Developments in the real-time evaluation of audience behaviour at planned events

Stephen Brown, Alison Hutton

    Research output: Contribution to journalArticle

    13 Citations (Scopus)

    Abstract

    Purpose – The purpose of this paper is to explore recent technological and methodological developments in the evaluation of audience behaviour at planned events and discuss the implications for researchers in this field, particularly the advantages of evaluating in real-time. The creation and staging of the event experience – the realm of event design – is predicated on an understanding of the psychosocial domain of the audience. By understanding the motivations, the behaviours and the predispositions that the audience brings to the event, and how event design principles and techniques can be applied to influence audience behaviour in real time, the event designer is able to more successfully create and stage the event experience to meet the aims and objectives of the event. Design/methodology/approach – The paper discusses international developments in the evaluation of the psychosocial domain of audiences at planned events and the range of research methodologies being used from a practitioner academic perspective. The paper will look at current research being undertaken in Sweden, Austria and Australia and identify trends internationally in this nascent field of research. Findings – The paper argues that real time data collection of audiences provides insights into the effective design and management of planned events, particularly from the event risk management perspective.

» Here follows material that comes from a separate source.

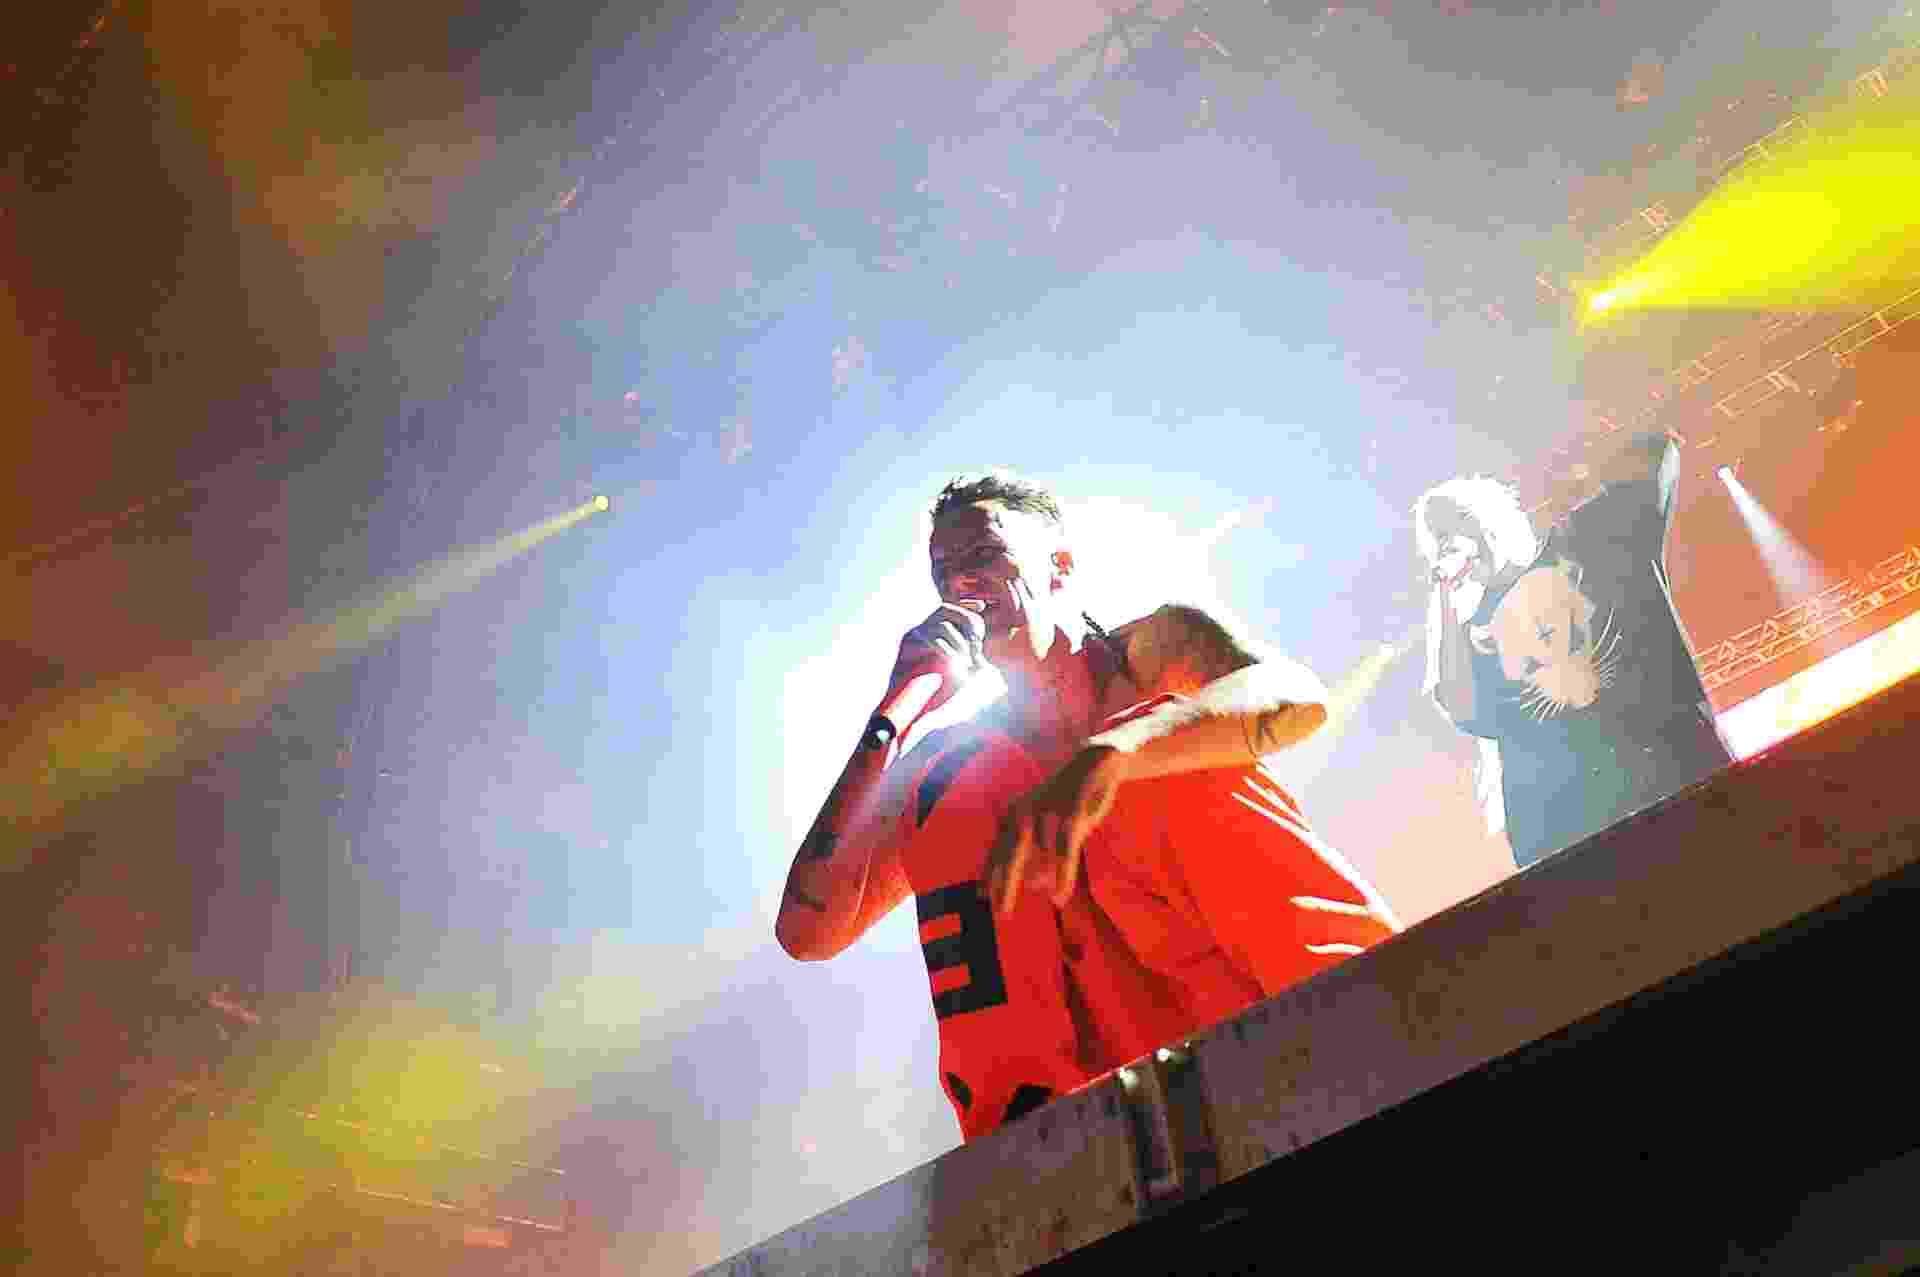 12.mar.2016 - Os sul-africanos do Die Antwoord se apresentam no Lollapalooza Brasil 2016 - Reinaldo Canato/UOL

Practical implications – Drawing on work being undertaken in the mass gatherings, tourism and service fields, the paper examines and synthesises these into a proposed model for the effective evaluation of the event audience. Originality/value – This paper argues for an increase in – and a model for – research on audience behaviour, specifically in the real time capture and analysis of data of audiences at events as a means of developing and understanding of the effects of event design techniques applied at planned events.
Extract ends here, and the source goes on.